**DATA**
● ● ● ● ● ● ●

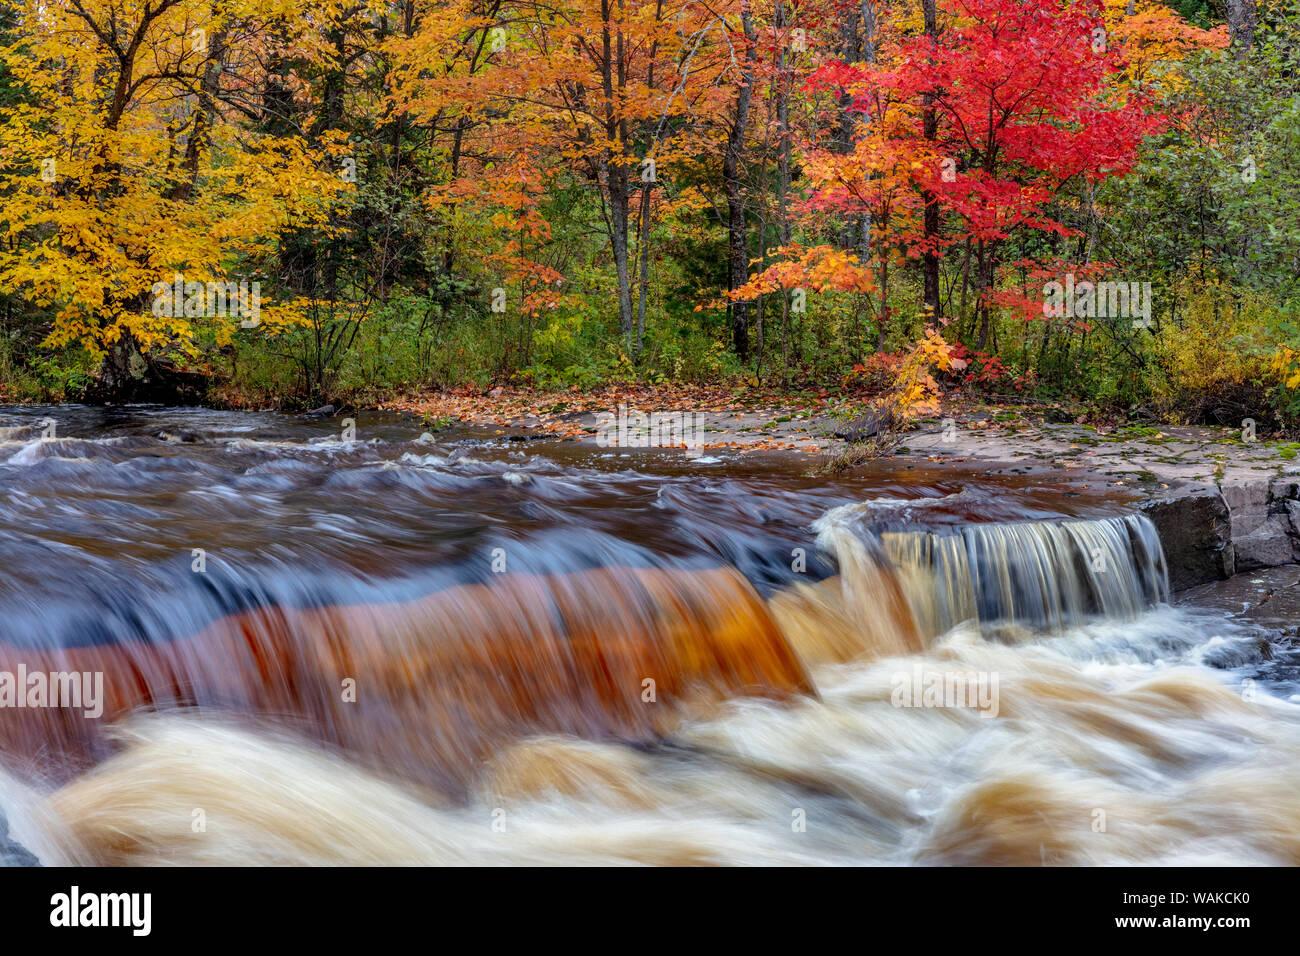 Sturgeon River in autumn near Alberta in the Upper Peninsula of Michigan, USA Stock Photo
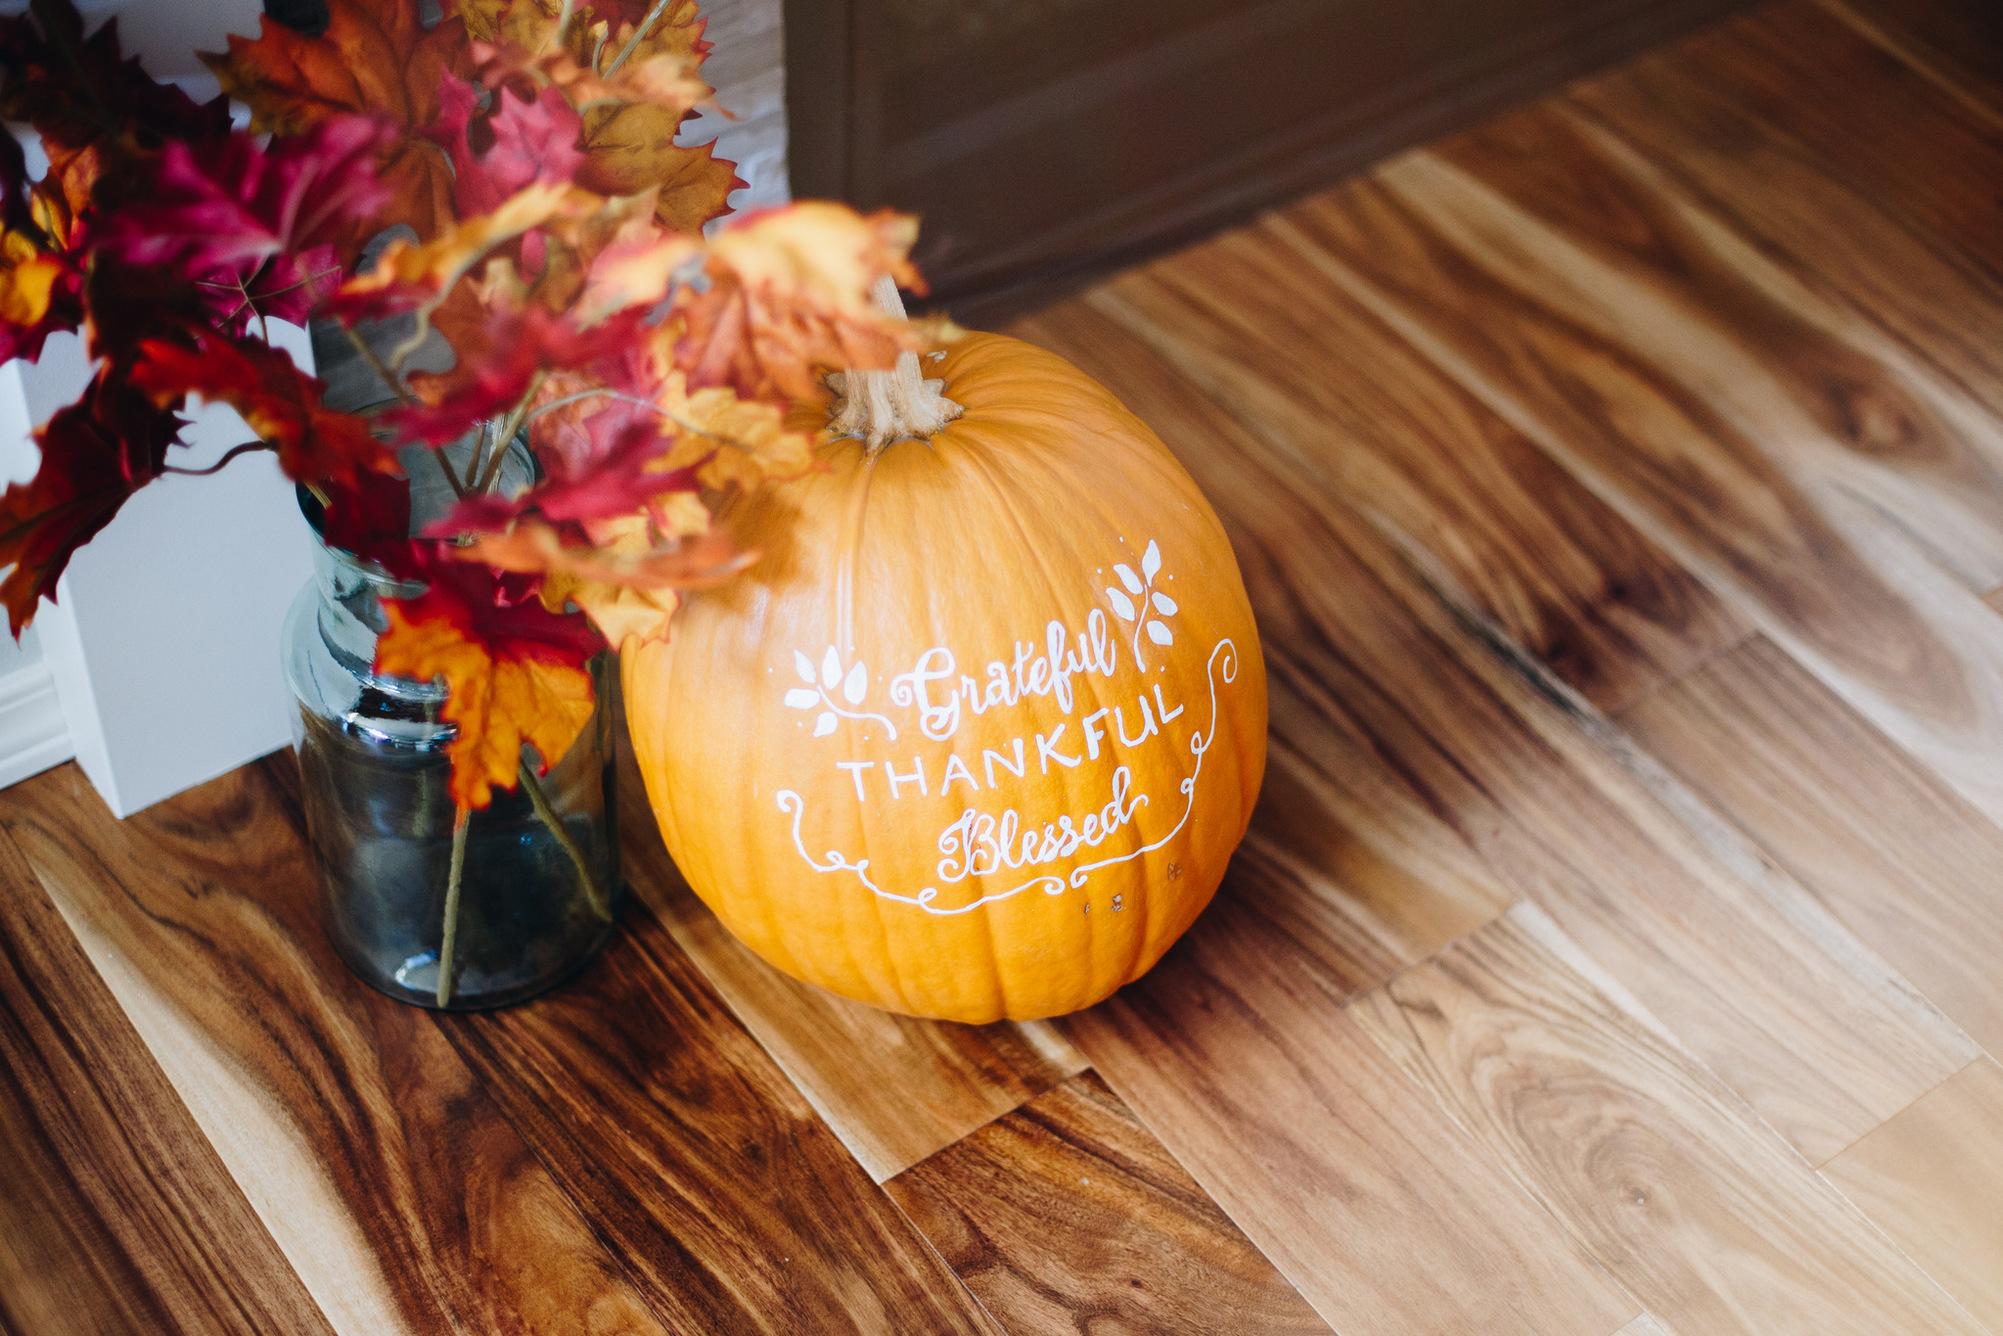 grateful thankful blessed - lettering on pumpkin
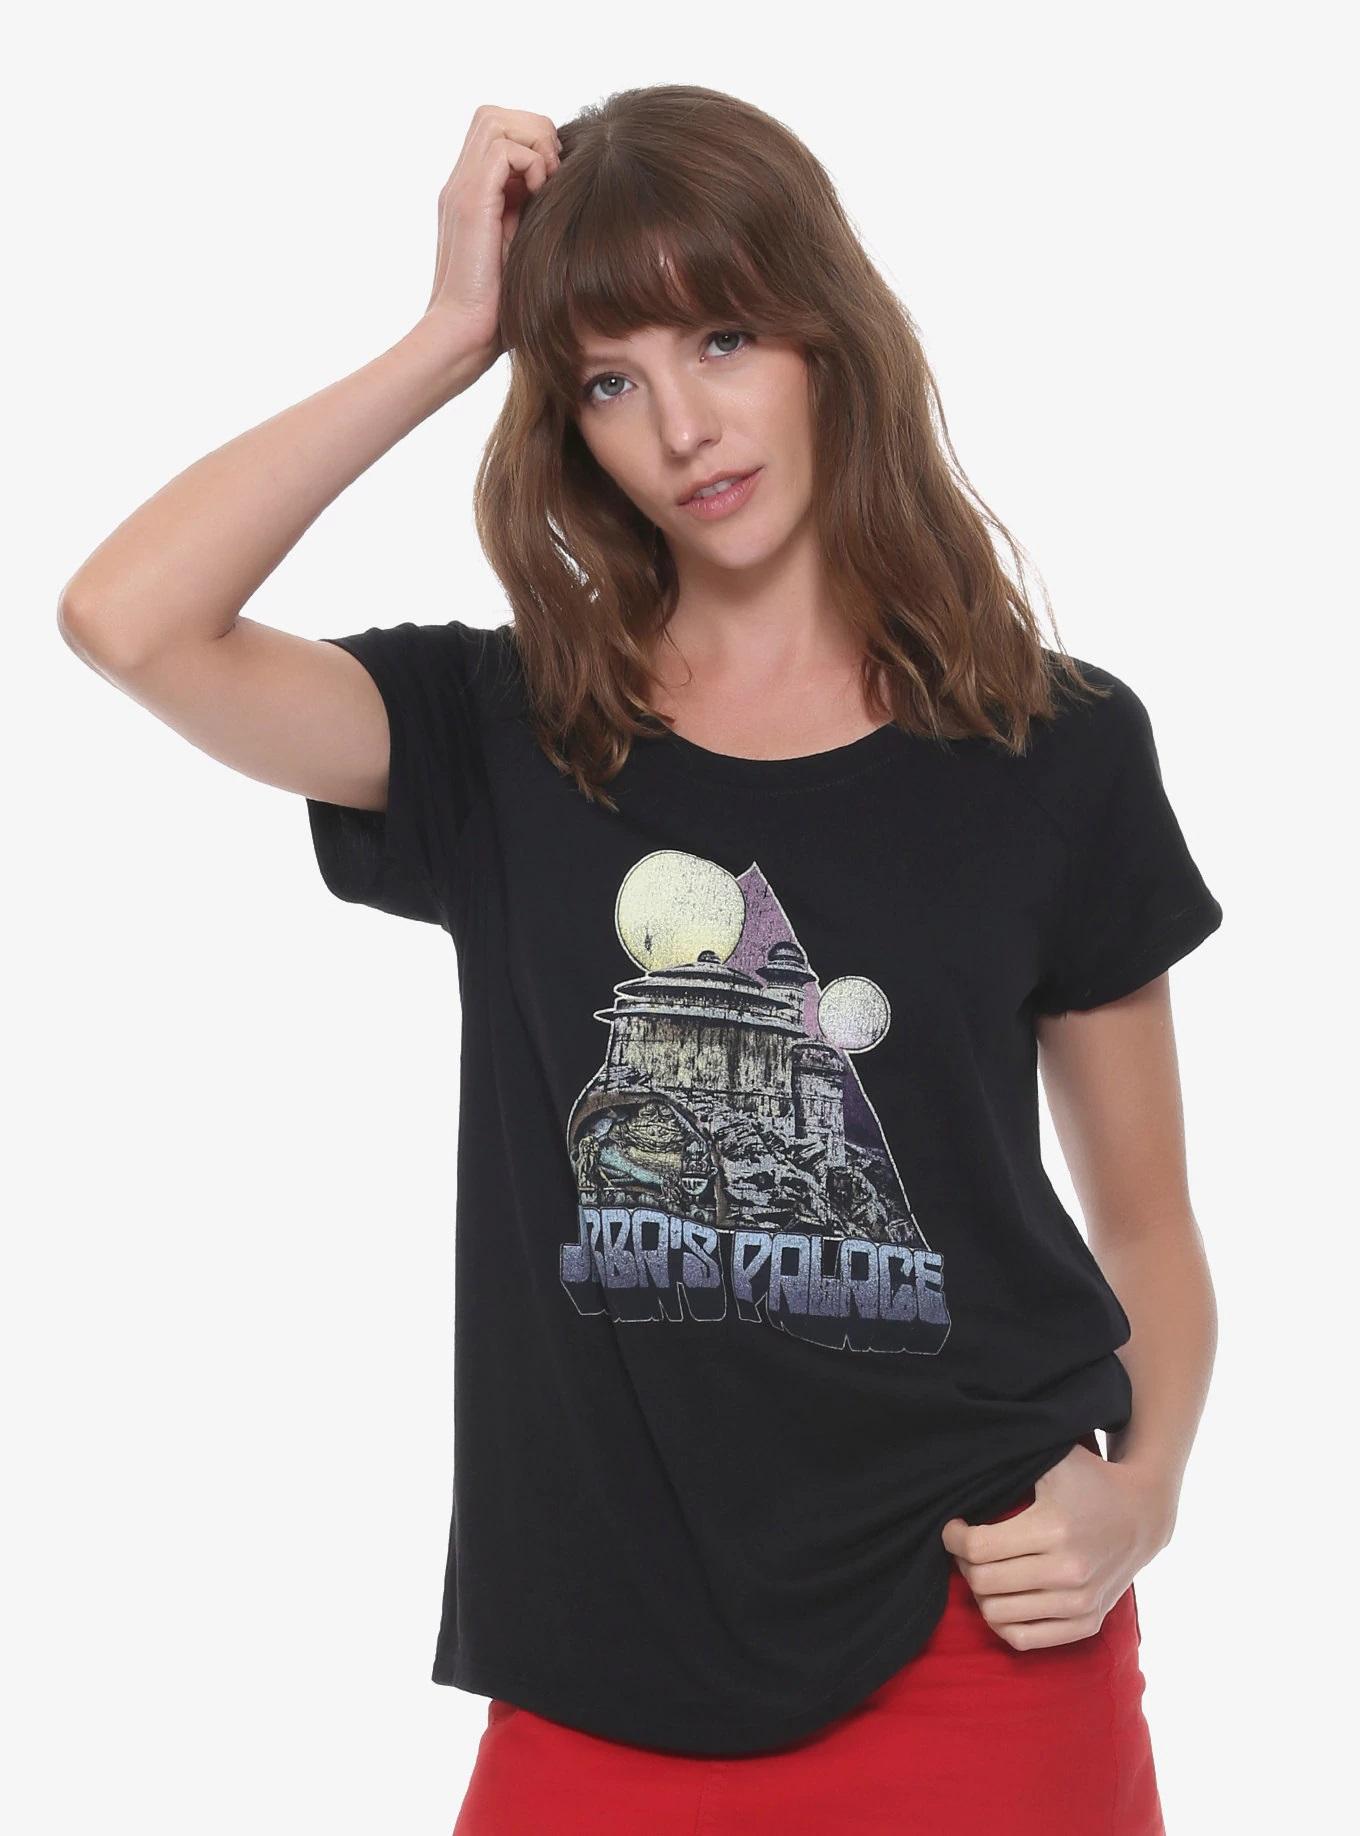 Women's Star Wars Jabba's Palace T-Shirt at Box Lunch
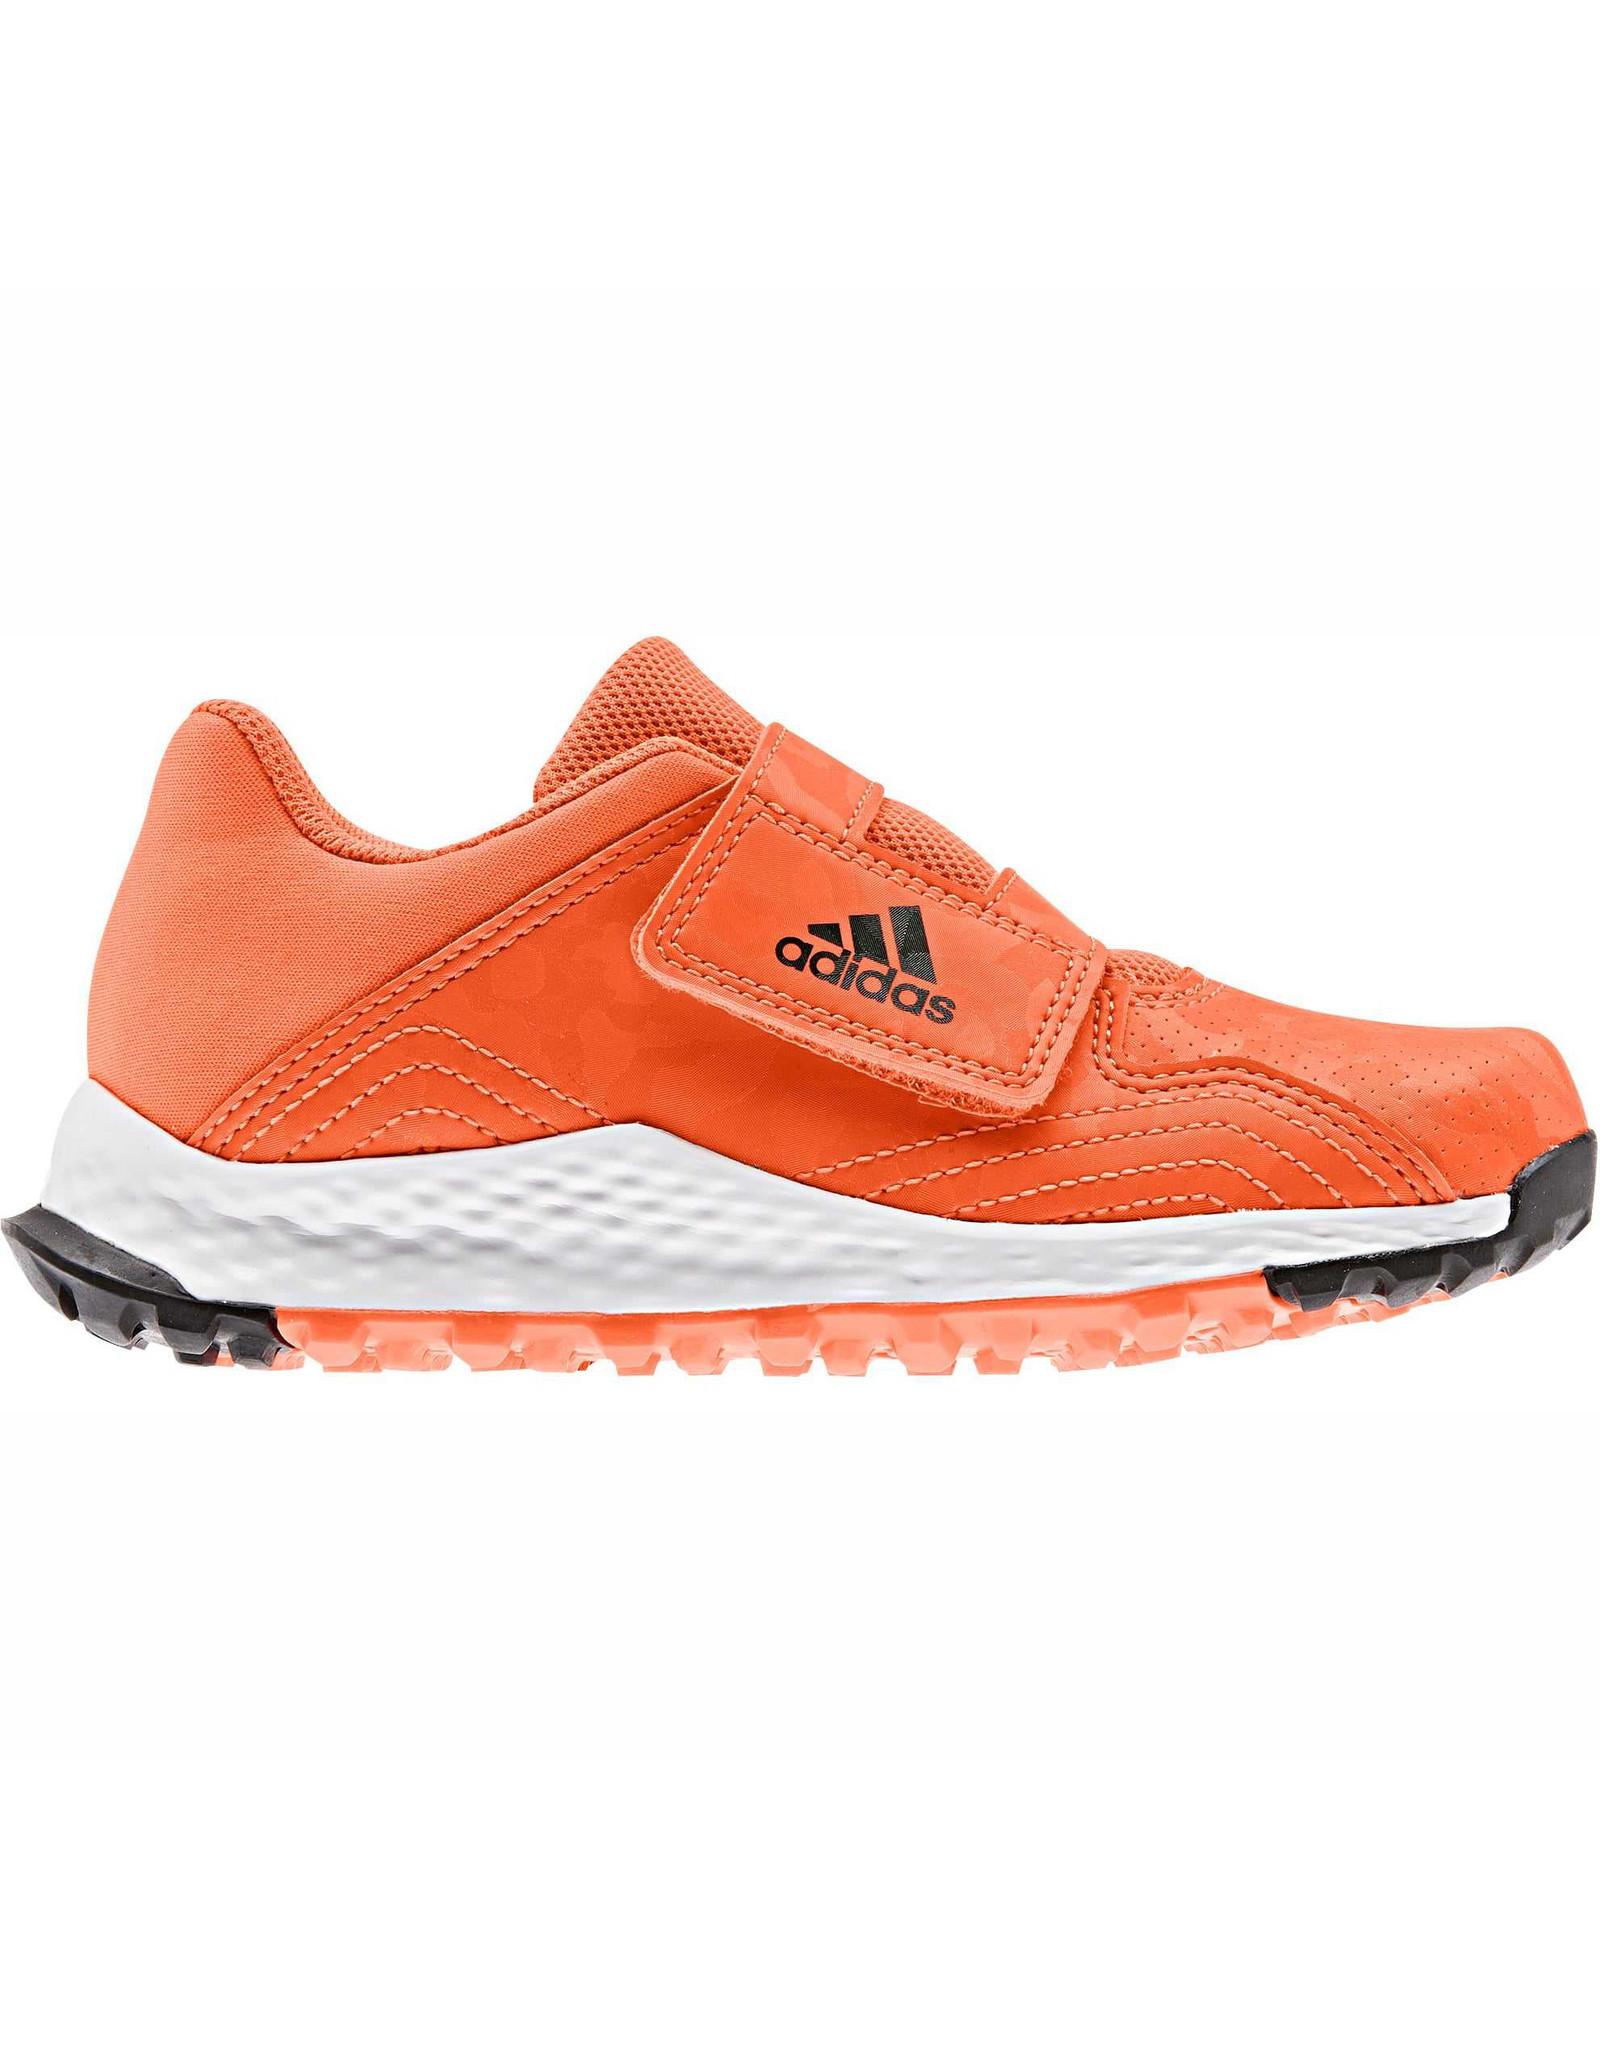 Adidas YOUNGSTAR VELCRO

● ● ● ● ● ● ●

**WHAT TO DO**
Leave the pictures out, and copy exactly each line from the one containing "grateful thankful blessed" through the final line of the data.

**RESPONSE TO THE EXERCISE**
 grateful thankful blessed - lettering on pumpkin
 Women's Star Wars Jabba's Palace T-Shirt at Box Lunch
 Adidas YOUNGSTAR VELCRO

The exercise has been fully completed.